California's prison realignment effort has drawn up a complicated matrix of detention options for felons, and with it a lot of confusion about which ones can vote. It's the subject of a lawsuit alleging the state has unconstitutionally stripped nearly 60,000 Californians of their right to vote.
The American Civil Liberties Union of California and Lawyers’ Committee for Civil Rights of the San Francisco Bay Area filed the petition in Alameda County Superior Court on Tuesday. The suit is on behalf of All of Us or None, a civil rights group for people previously or currently incarcerated, the League of Women Voters of California and three individuals who cannot vote under new rules enacted in response to realignment.
The state constitution prohibits from voting people who are "imprisoned or on parole for conviction of a felony." The language was clear when offenders fell under two categories: the state's responsibility or a California county's responsibility.
But realignment has created a hybrid system, putting low-level felons who would have otherwise gone to prison under county supervision, through jail or probation.
Secretary of State Debra Bowen issued a memo in 2011 saying those in the new class of offenders can't vote.

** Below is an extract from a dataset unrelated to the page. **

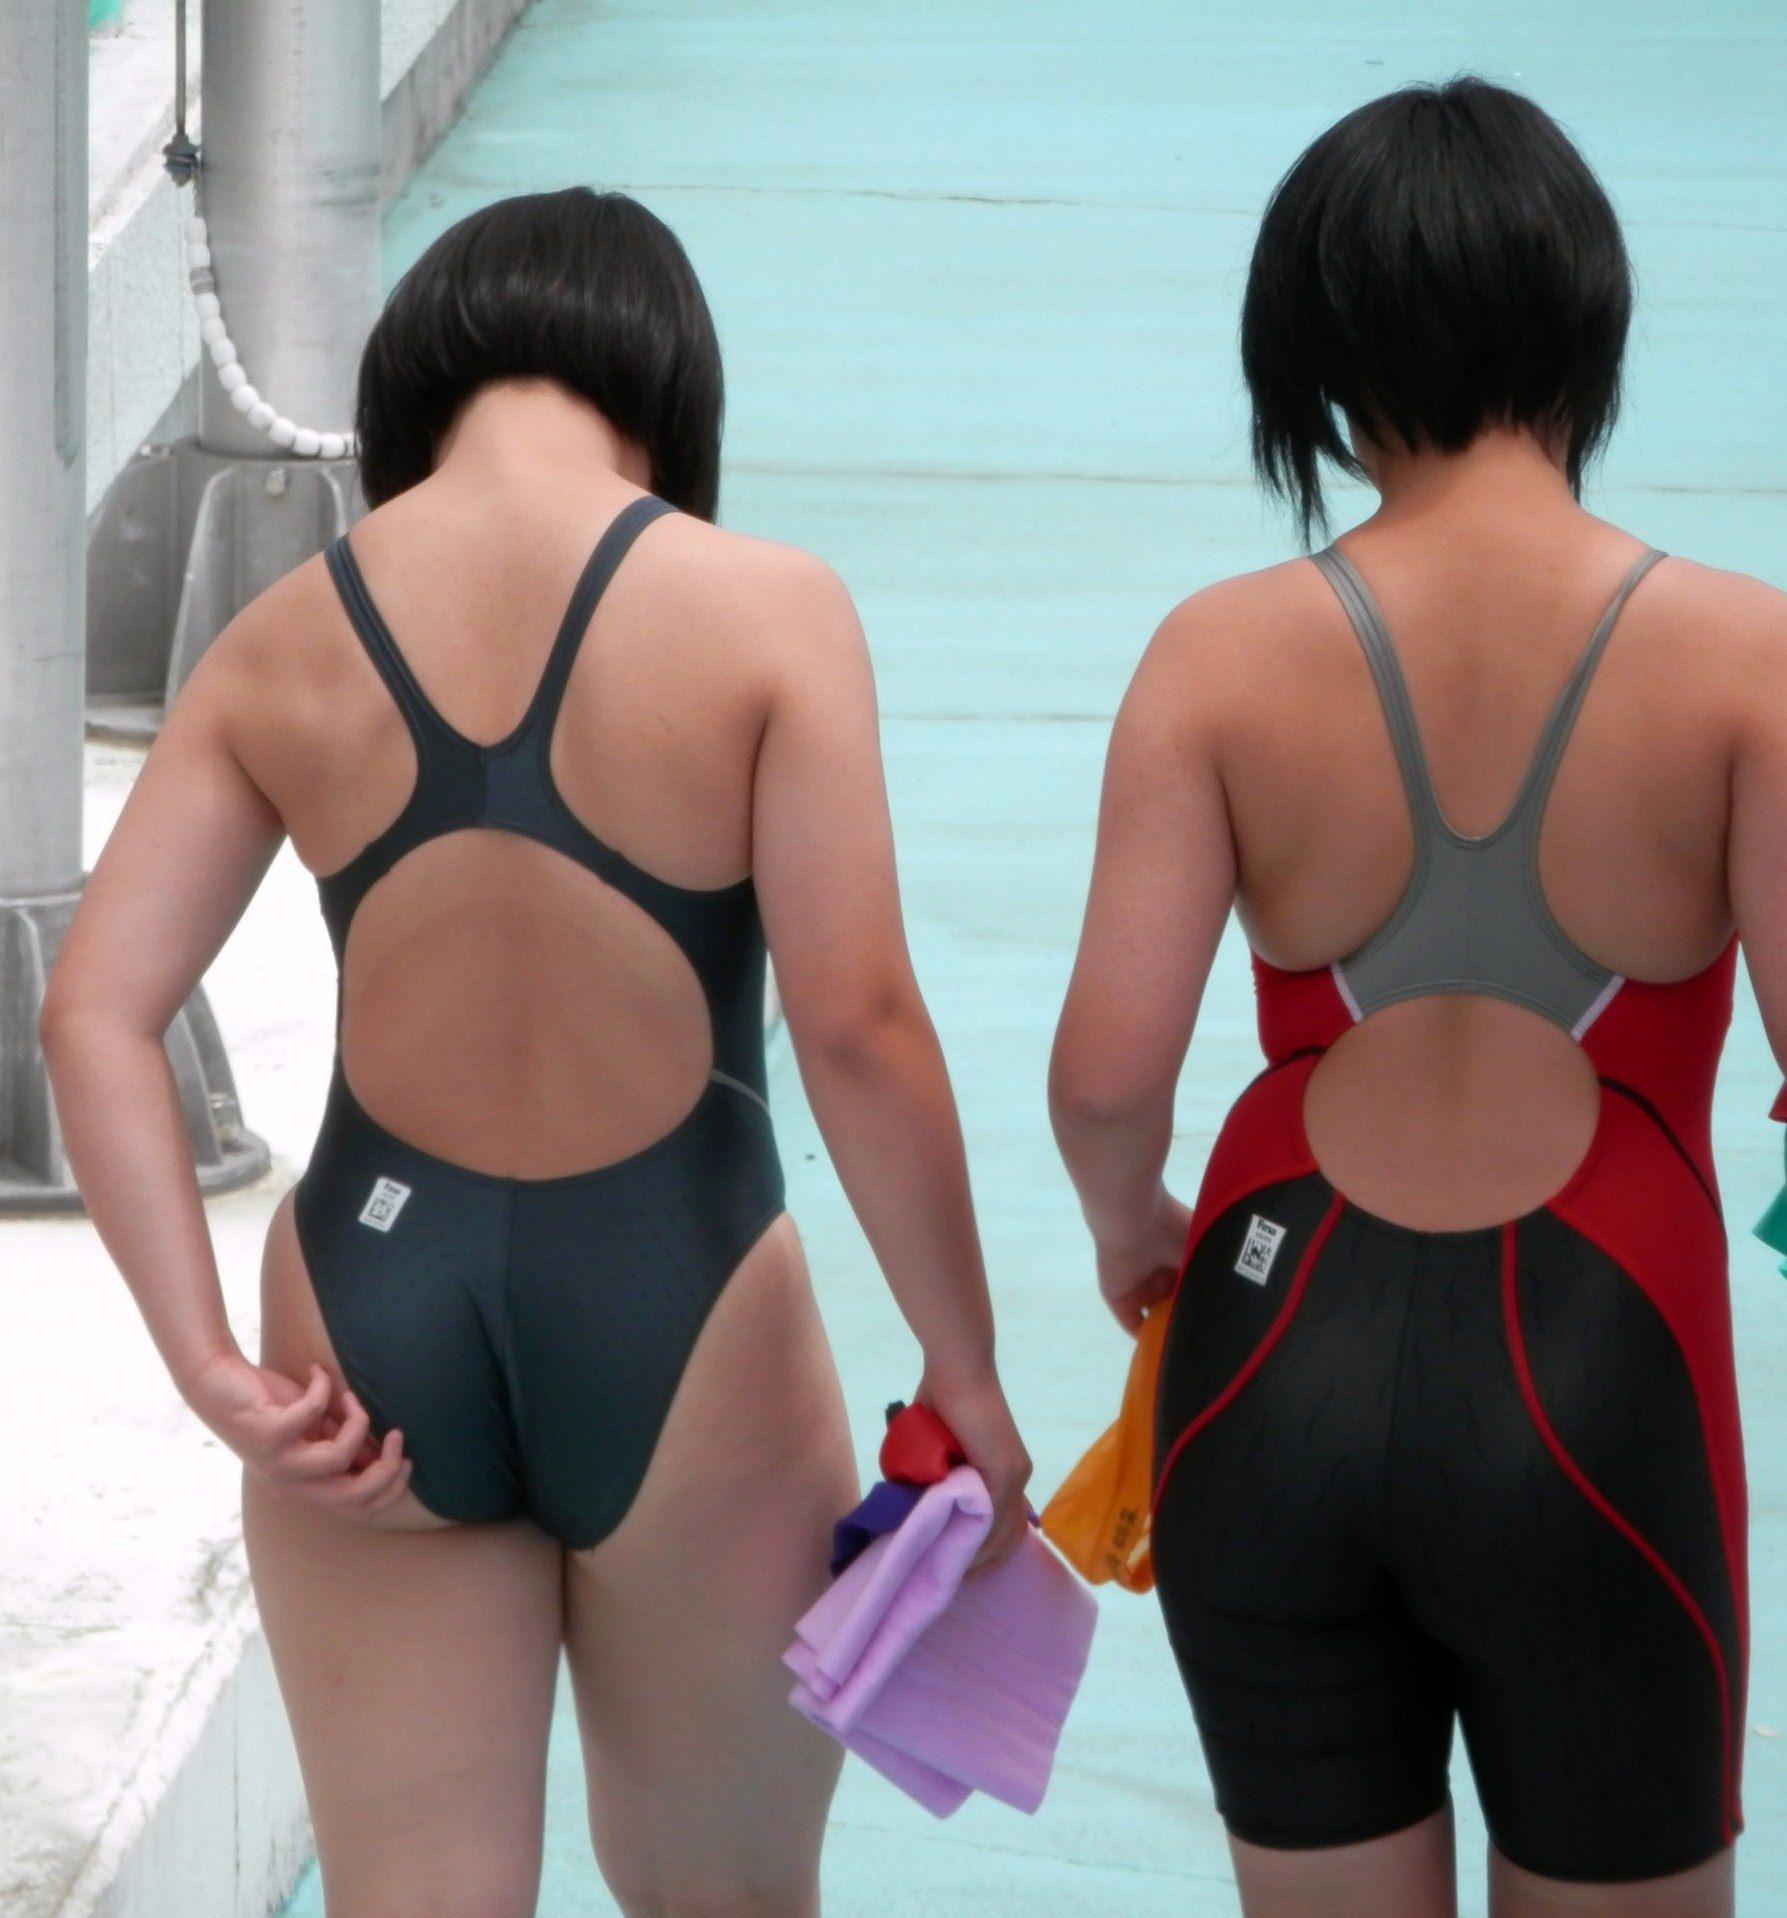 水泳部の女子をガチ盗撮www生尻むっちり乳首ポチ日焼け跡が最高な素人エロ画像 916

It's the same sentence; it's just happening in a different place, according to Bowen.
But ACLU attorney Michael Richer contends it is a different sentence — one that reflects the state's deliberate swing away from harsh sentencing.
"This directive really stands in the face of realignment's objectives," Richer said. "Realignment was intended to reject our old, failed policies of putting more and more people in prison, then on parole, violating these people and then cycling them back through the system."

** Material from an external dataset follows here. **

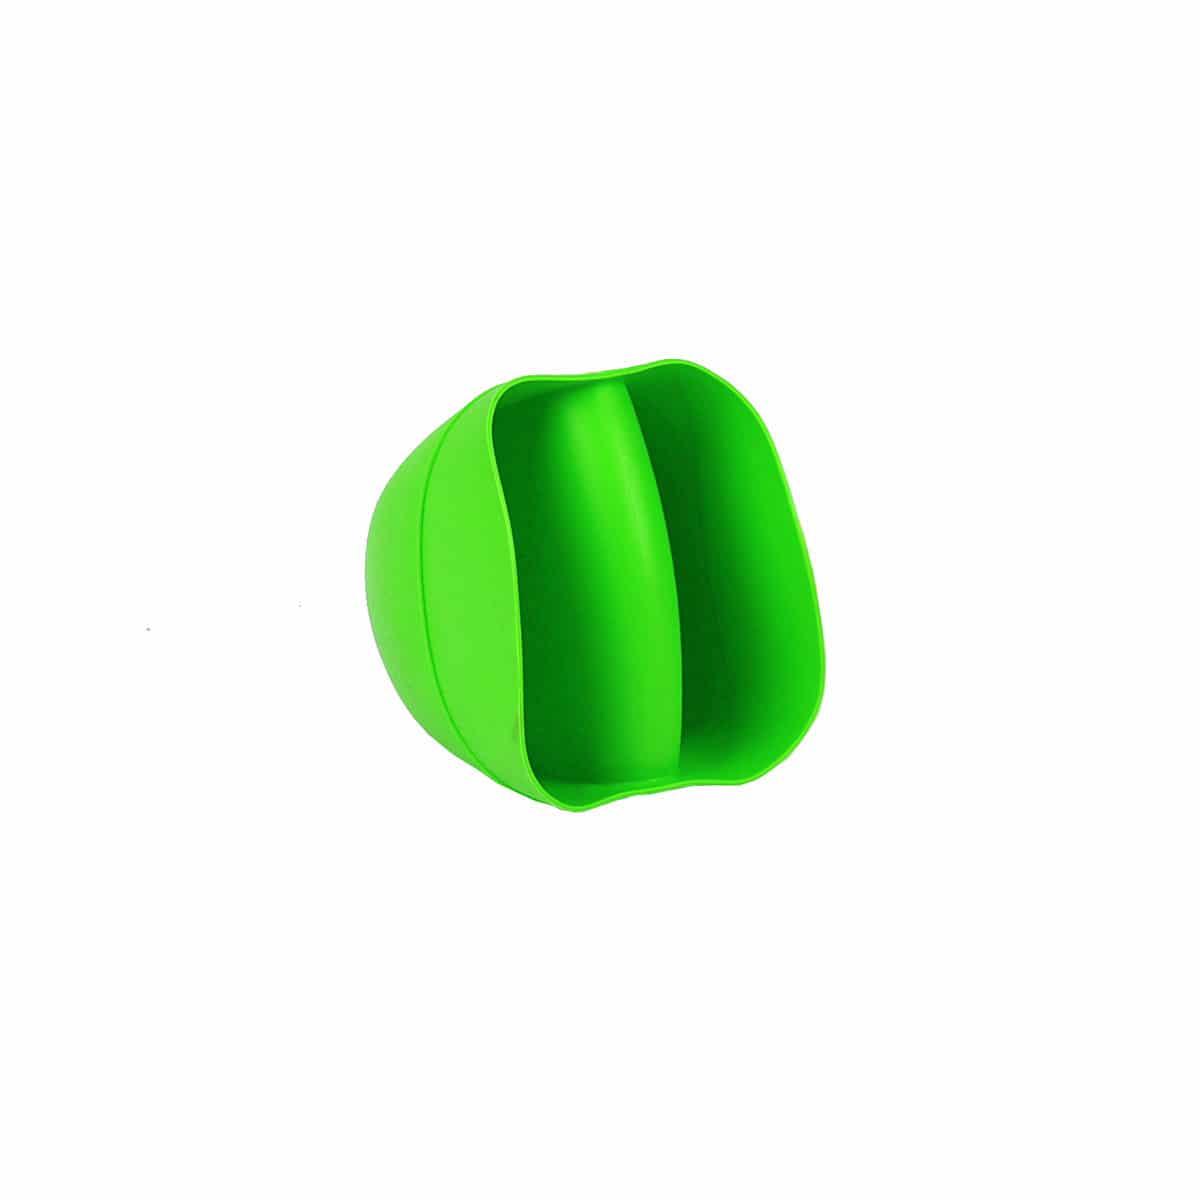 70121_4-thermomonotiki-lavi-silikonis-prasino-akamatra-b

Under realignment, felony offenders who do not have serious, violent or sex offenses serve their terms in county jails. Those finishing earlier prison sentences report to county probation officers instead of state parole officers. But the arrangement is not called "probation"; it's called "post-release community supervision."
In her 2011 memo, Bowen argued parole and PRCS are equivalent and points to sections of the realignment law in which the terminology seems to be interchangeable.
But voting rights advocates see the new supervision options “as innovative community-based alternatives to parole" and exempt from the constitution's exclusions.
"The [new] classification was aimed at trying to stop the recidivism that happens," said Trudy Schafer, a director at the League of Women Voters. "They're trying to keep people from recommitting crimes and get them involved in their community."
And Schafer said allowing those individuals to vote might actually help keep them from reoffending. Recent studies suggests there's a correlation between voting and reduced risk of recidivism.
"There are already a lot of hurdles that you face if you're reentering the community and being integrated into the community is a way of making it easier to get over those hurdles," Schafer said. "There's nothing better than having a say in what your community life is going to be like by voting."
More than 2,000 offenders in San Diego County are subject to the new voting rules.
A spokeswoman in the Secretary of State's office said Bowen would not comment on pending litigation. The California Supreme Court and the state appellate court declined to hear a similar case in 2012.